▶ Working data:
■ ■ ■ ■ ■

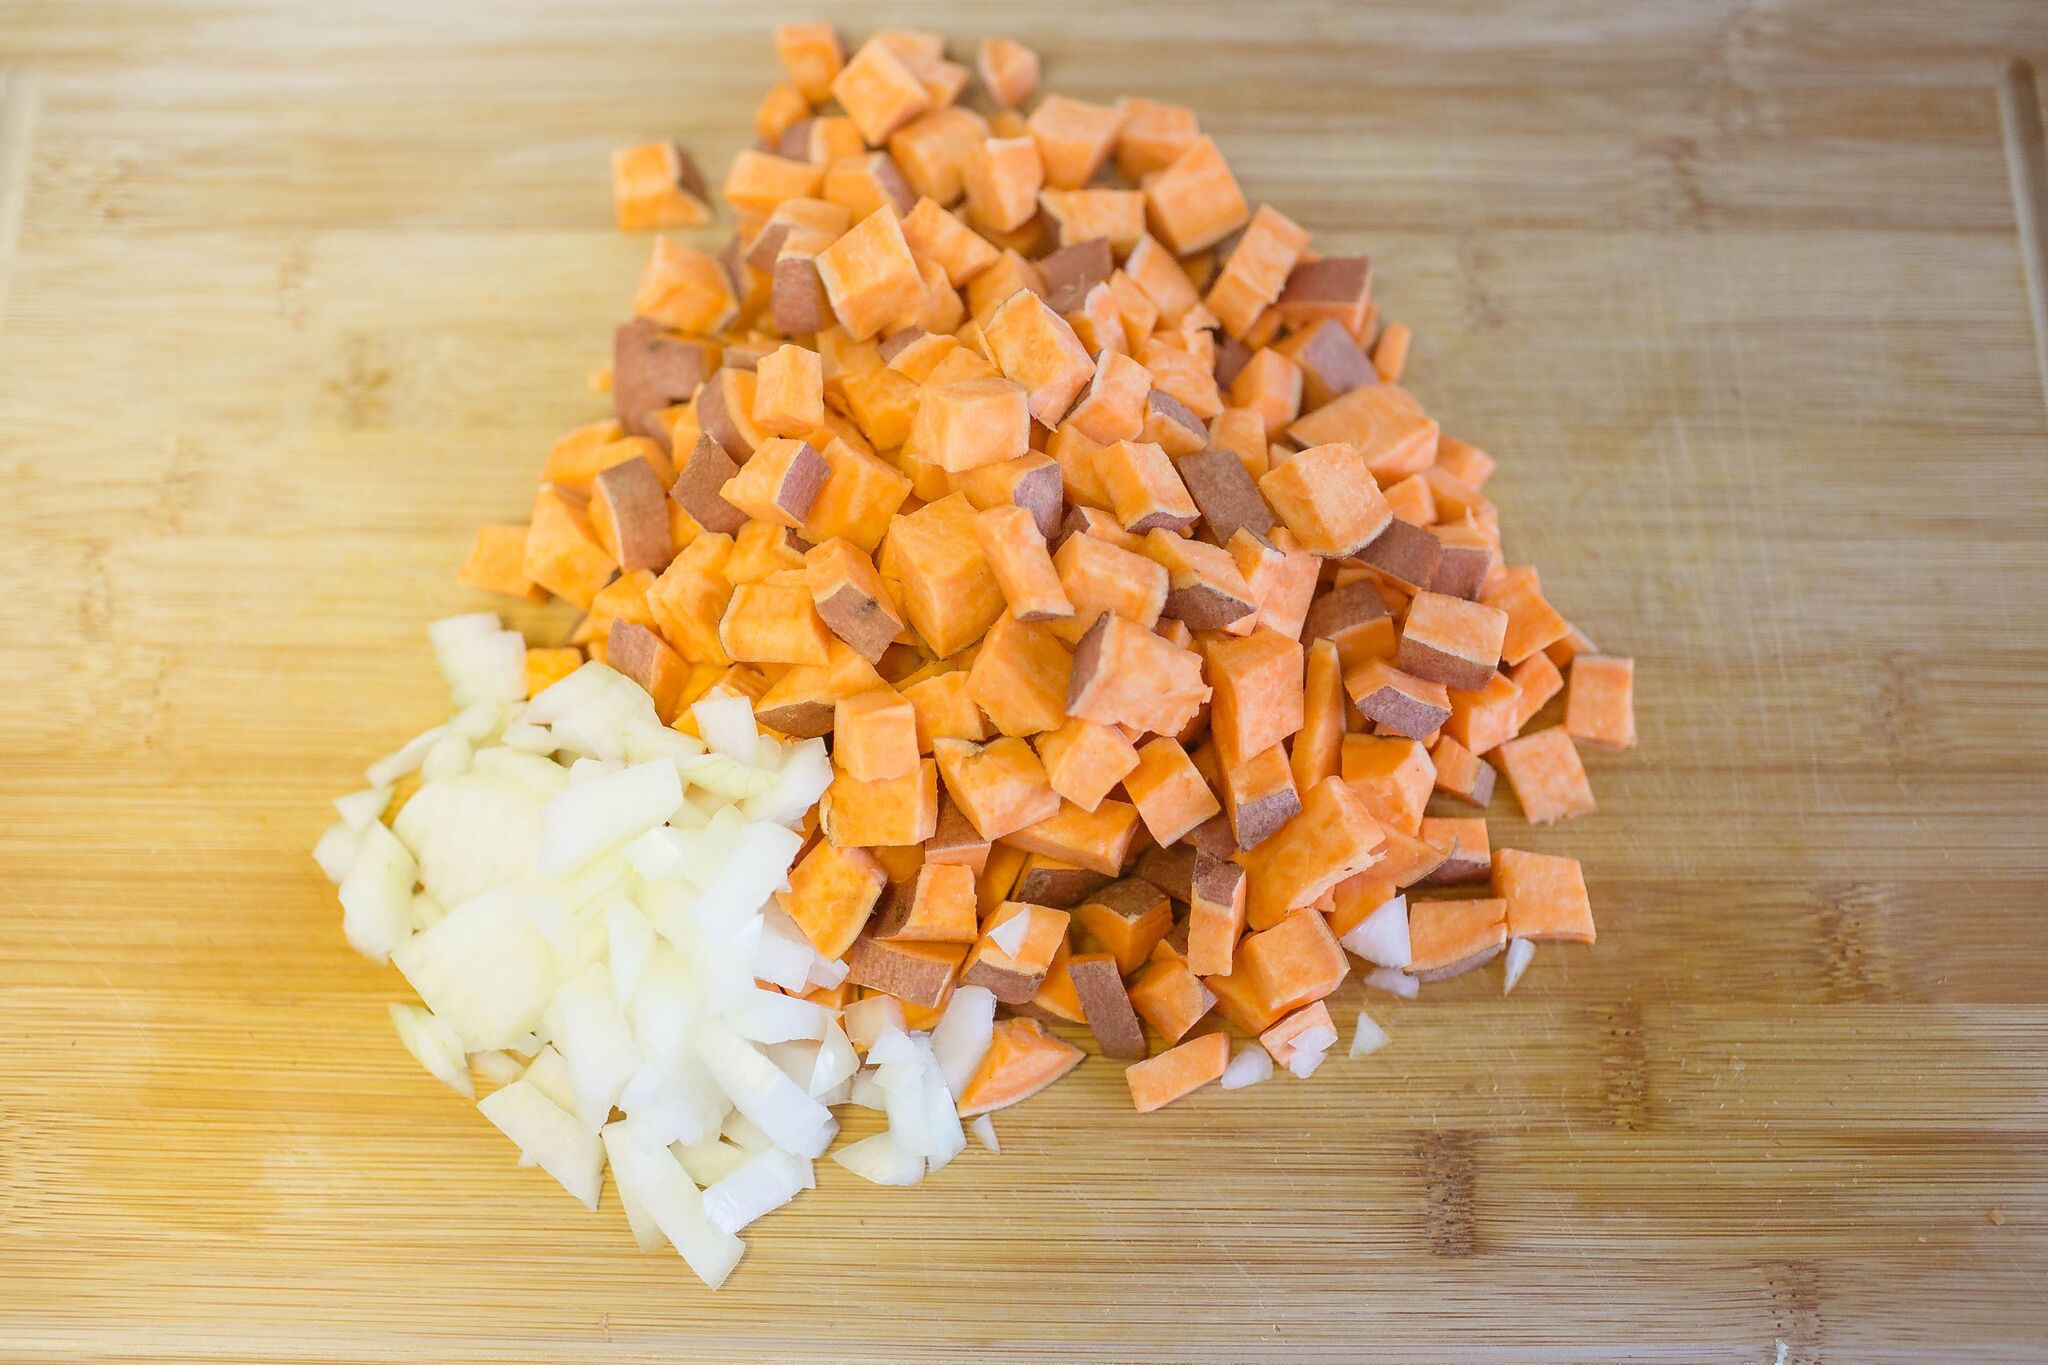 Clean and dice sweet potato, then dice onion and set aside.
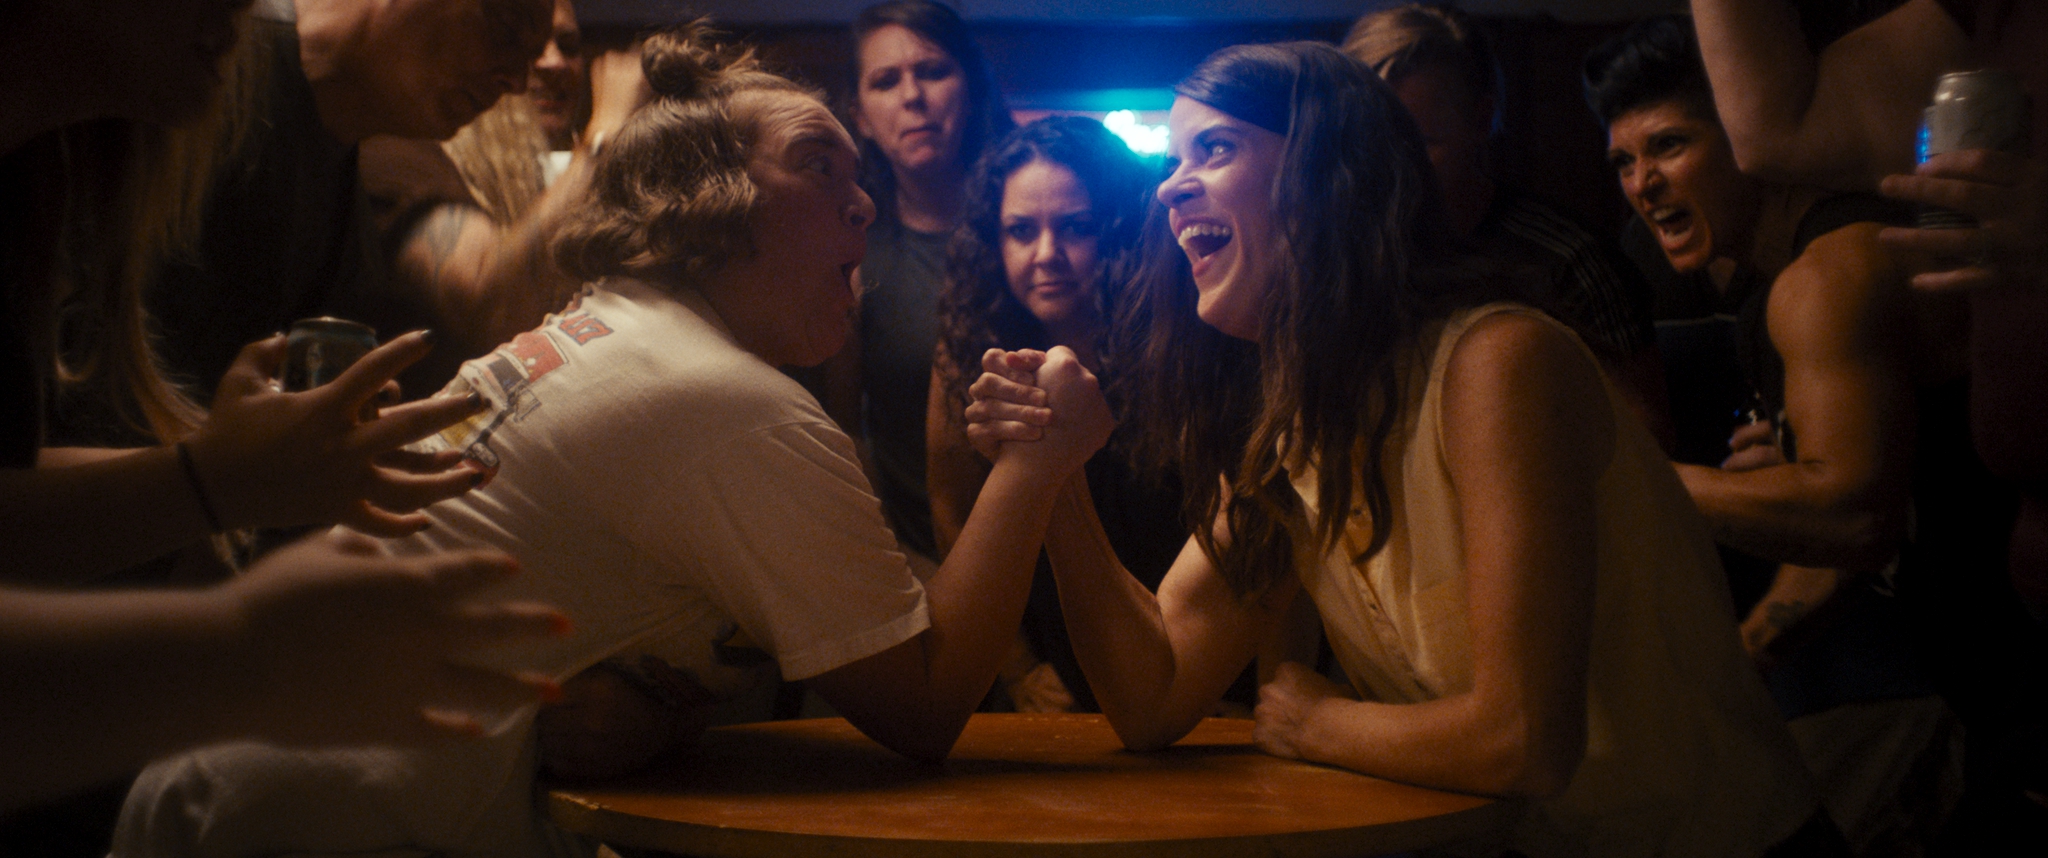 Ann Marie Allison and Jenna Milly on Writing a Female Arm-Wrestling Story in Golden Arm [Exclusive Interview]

■ ■ ■ ■ ■

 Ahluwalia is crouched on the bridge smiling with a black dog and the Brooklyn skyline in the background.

■ ■ ■ ■ ■

▶ Instructions for the task:
Retype the lines above exactly as they appear, from the line containing "Clean and dice" through the line containing "Ann Marie Allison", and leave out any pictures.

▶ Result of the task:
 Clean and dice sweet potato, then dice onion and set aside.
 Ann Marie Allison and Jenna Milly on Writing a Female Arm-Wrestling Story in Golden Arm [Exclusive Interview]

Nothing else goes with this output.